• **Exercise goal**
From the records that follow, return exactly the lines beginning at the one that contains "Azure Blue Off" and ending at the one that contains "Adjustable Bag Straps - 1", pictures left out.
(Data extract begins)
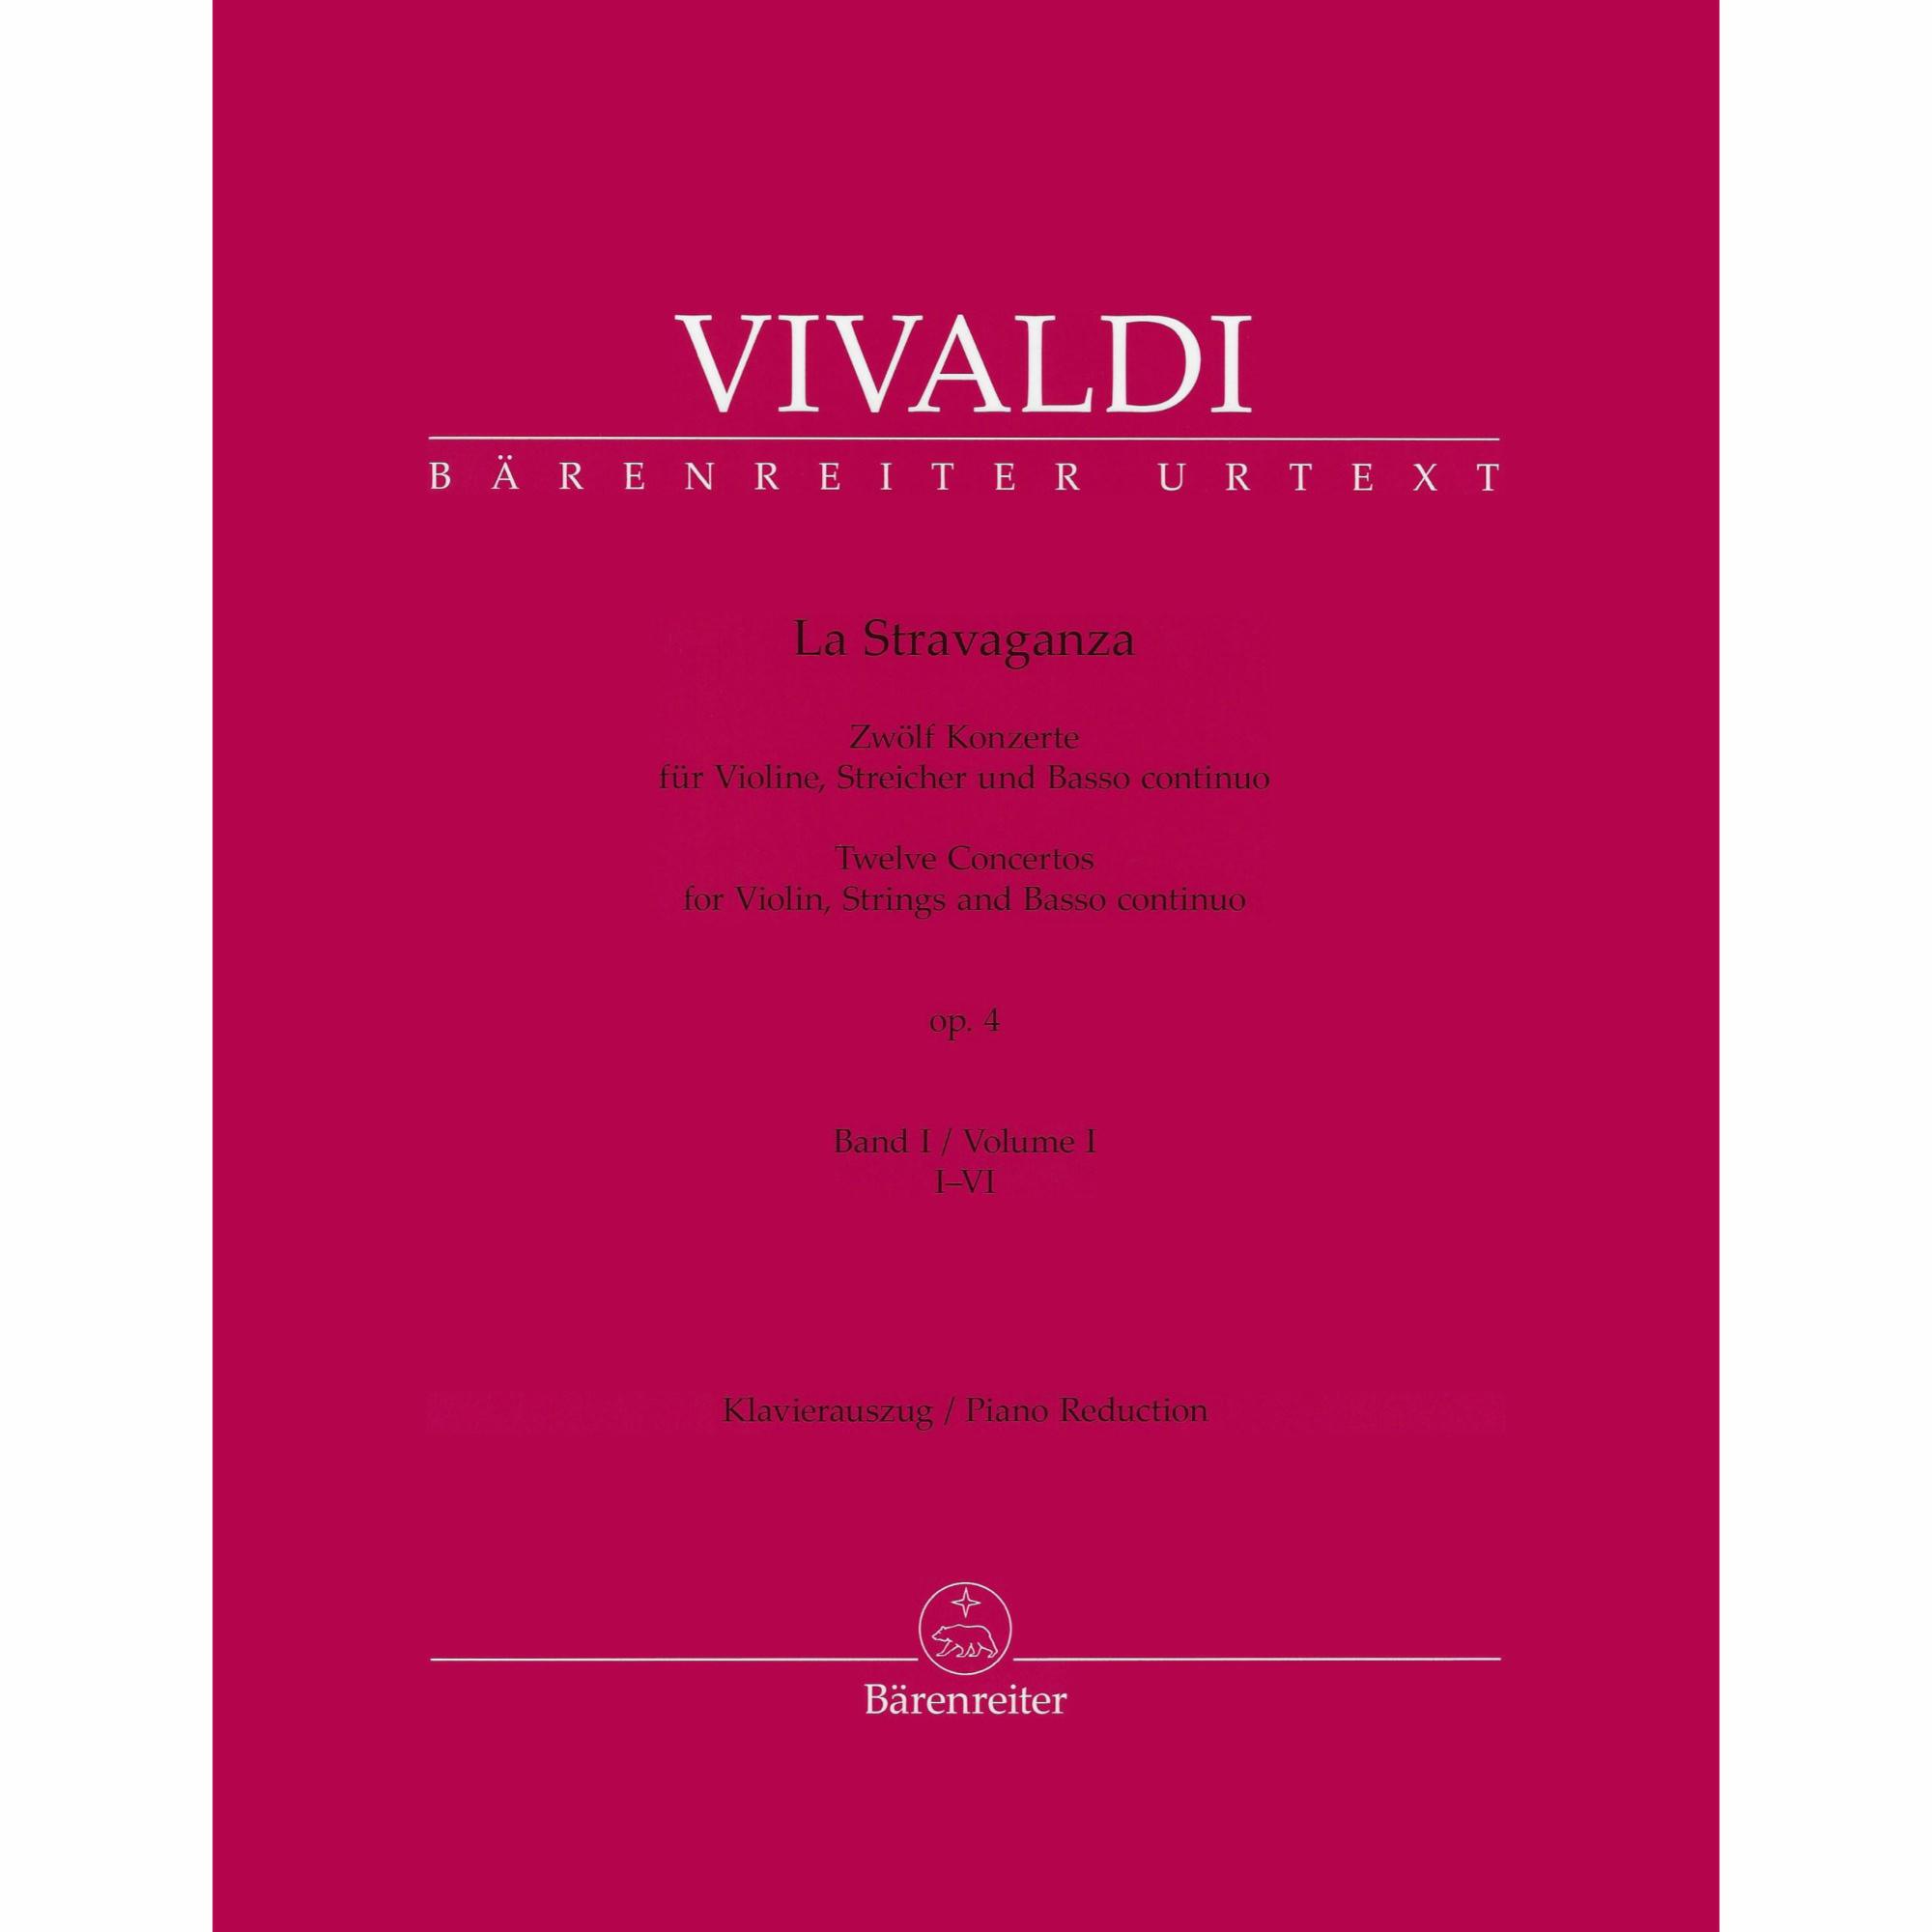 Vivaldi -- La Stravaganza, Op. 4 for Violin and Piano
(Data extract ends)
(Data extract begins)
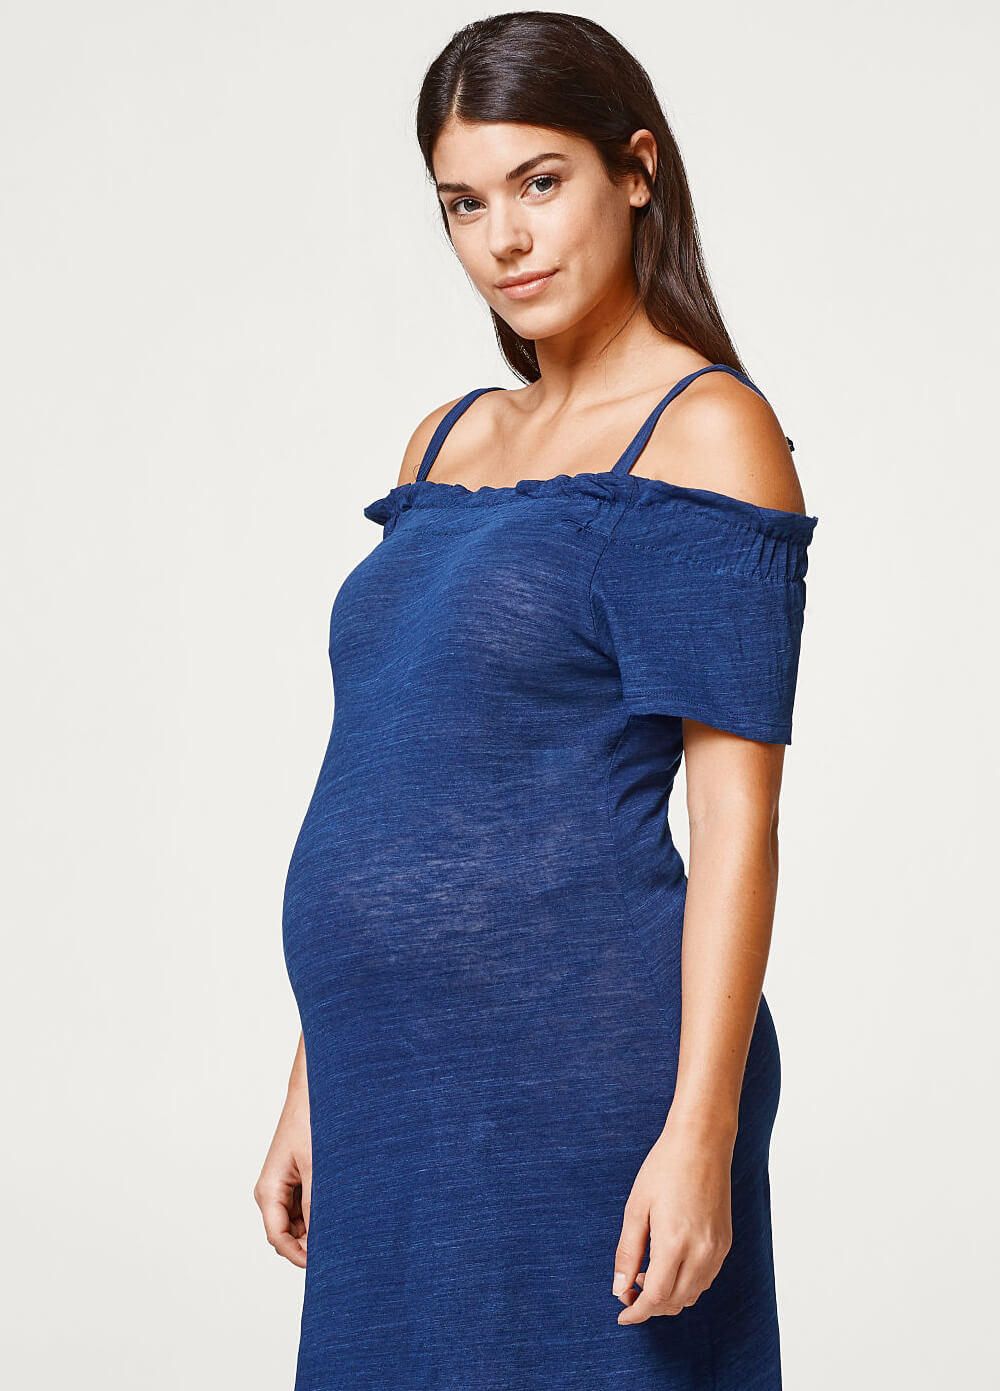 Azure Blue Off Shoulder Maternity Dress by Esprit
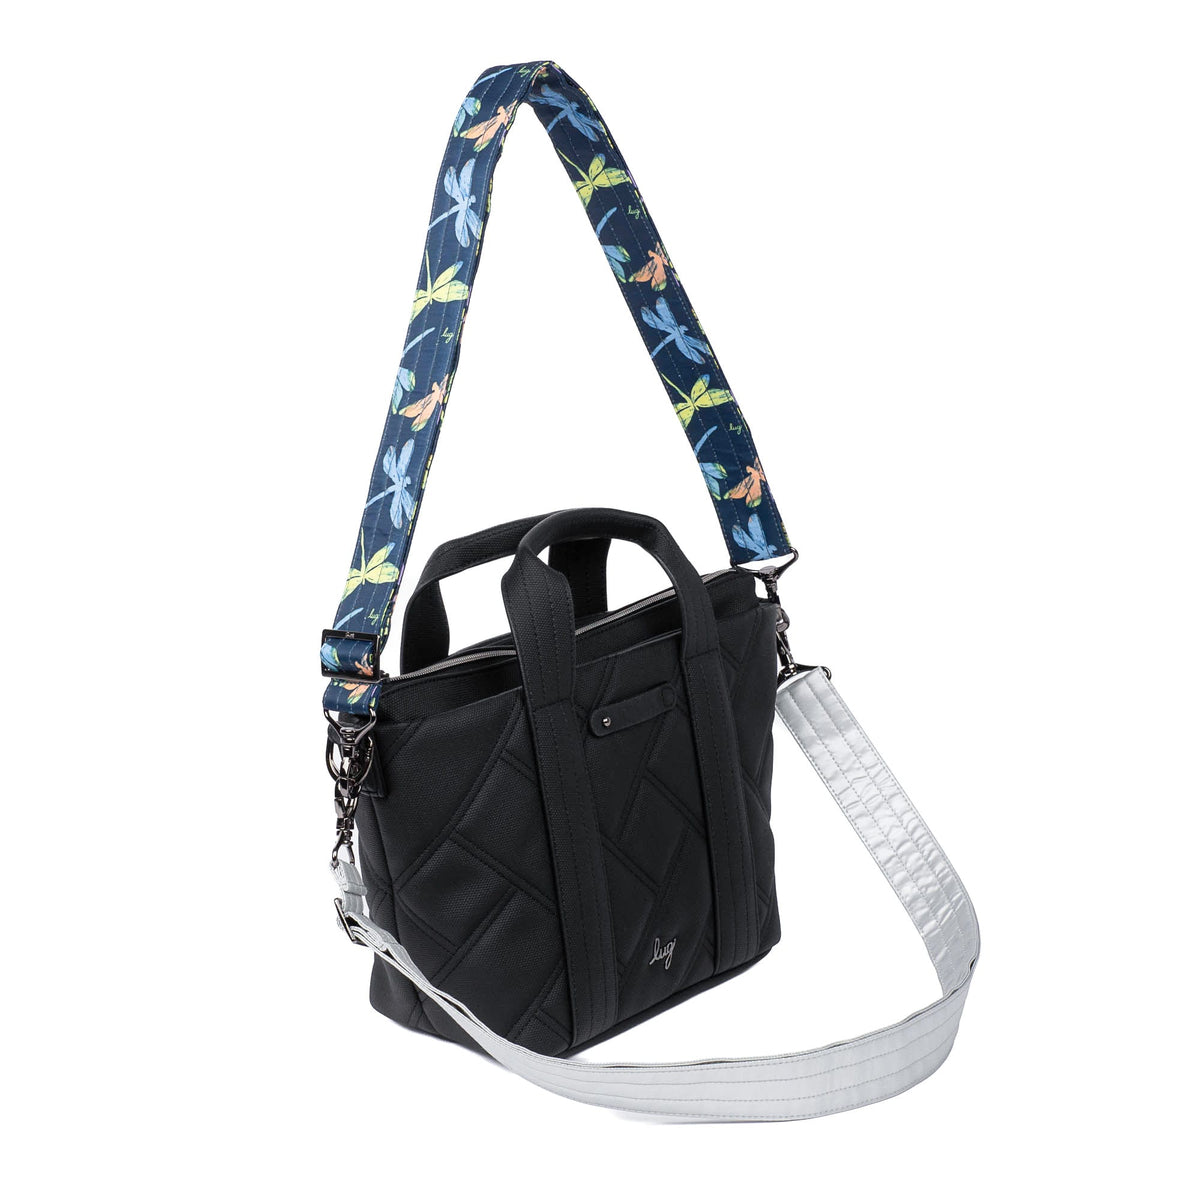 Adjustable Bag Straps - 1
(Data extract ends)
(Data extract begins)
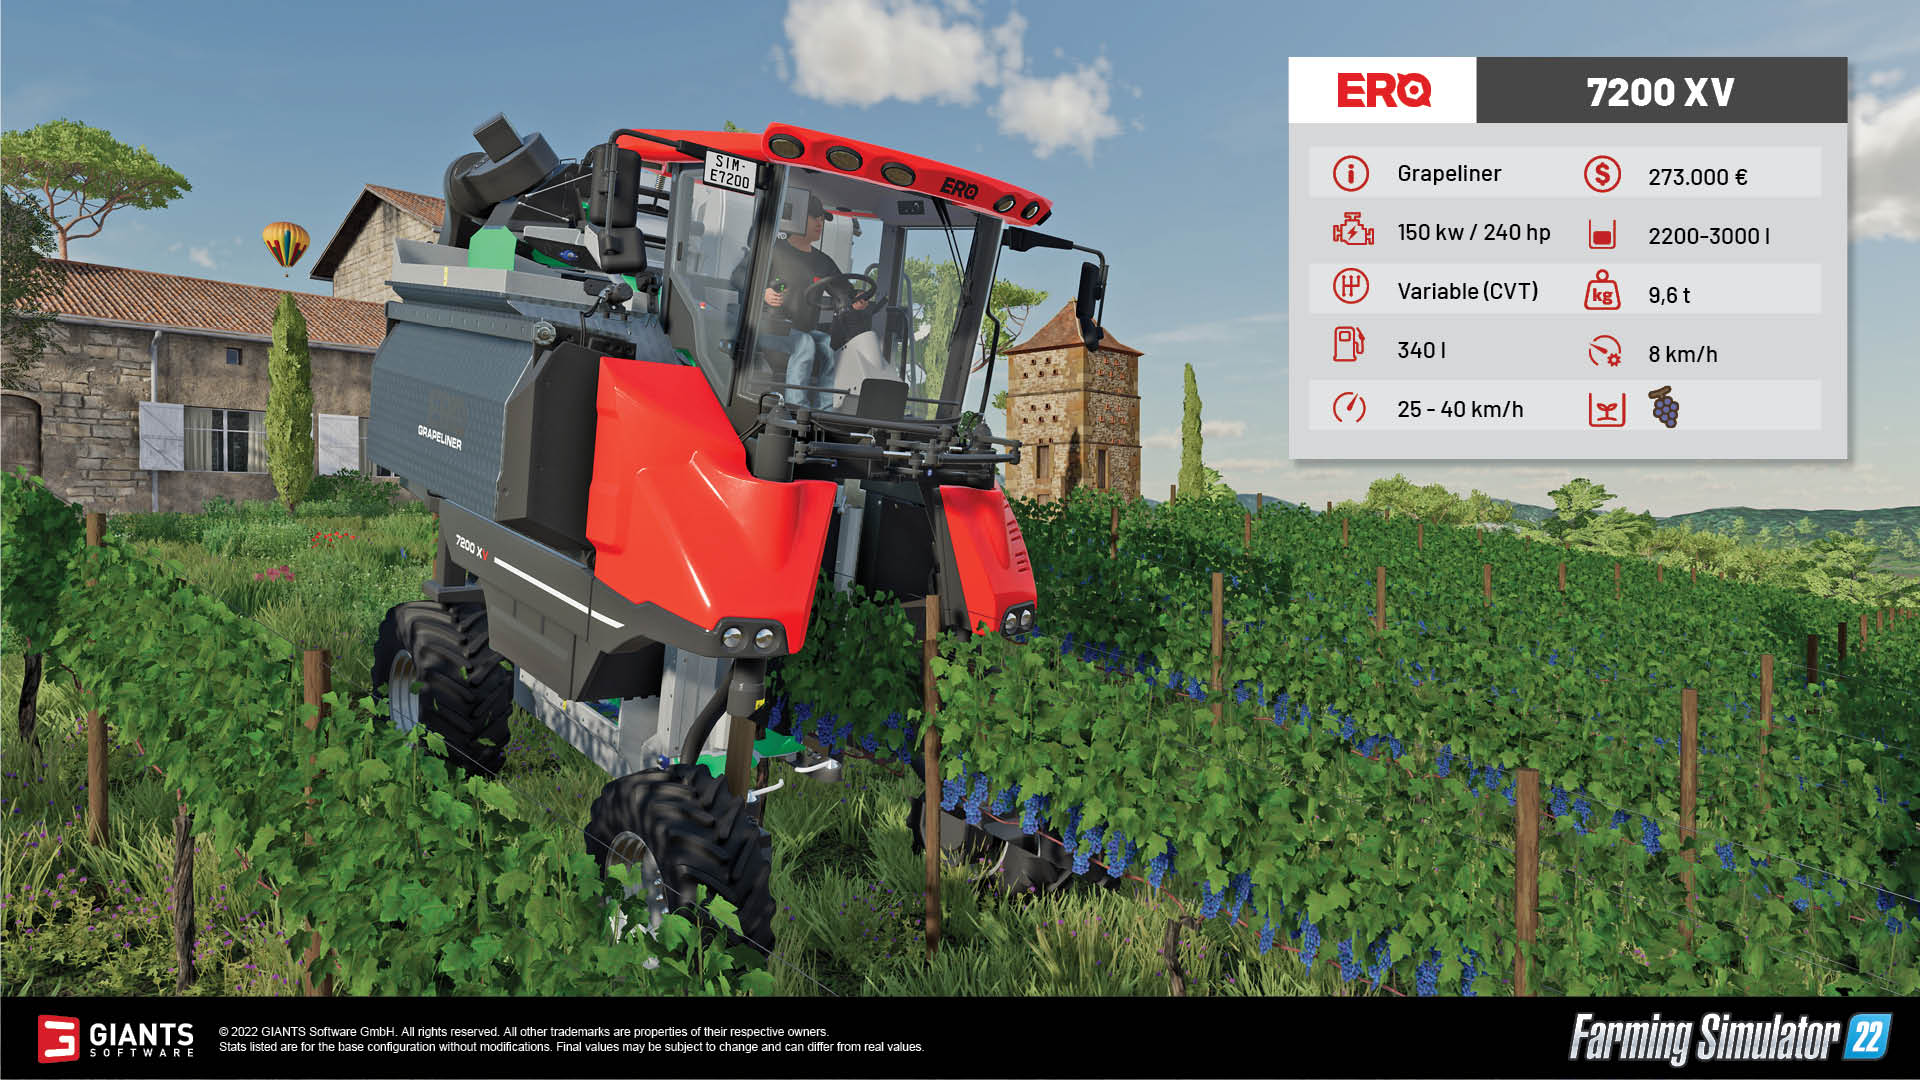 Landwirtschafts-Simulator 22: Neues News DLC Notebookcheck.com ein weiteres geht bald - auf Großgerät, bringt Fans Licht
(Data extract ends)
• **Answer to this exercise**
 Azure Blue Off Shoulder Maternity Dress by Esprit
 Adjustable Bag Straps - 1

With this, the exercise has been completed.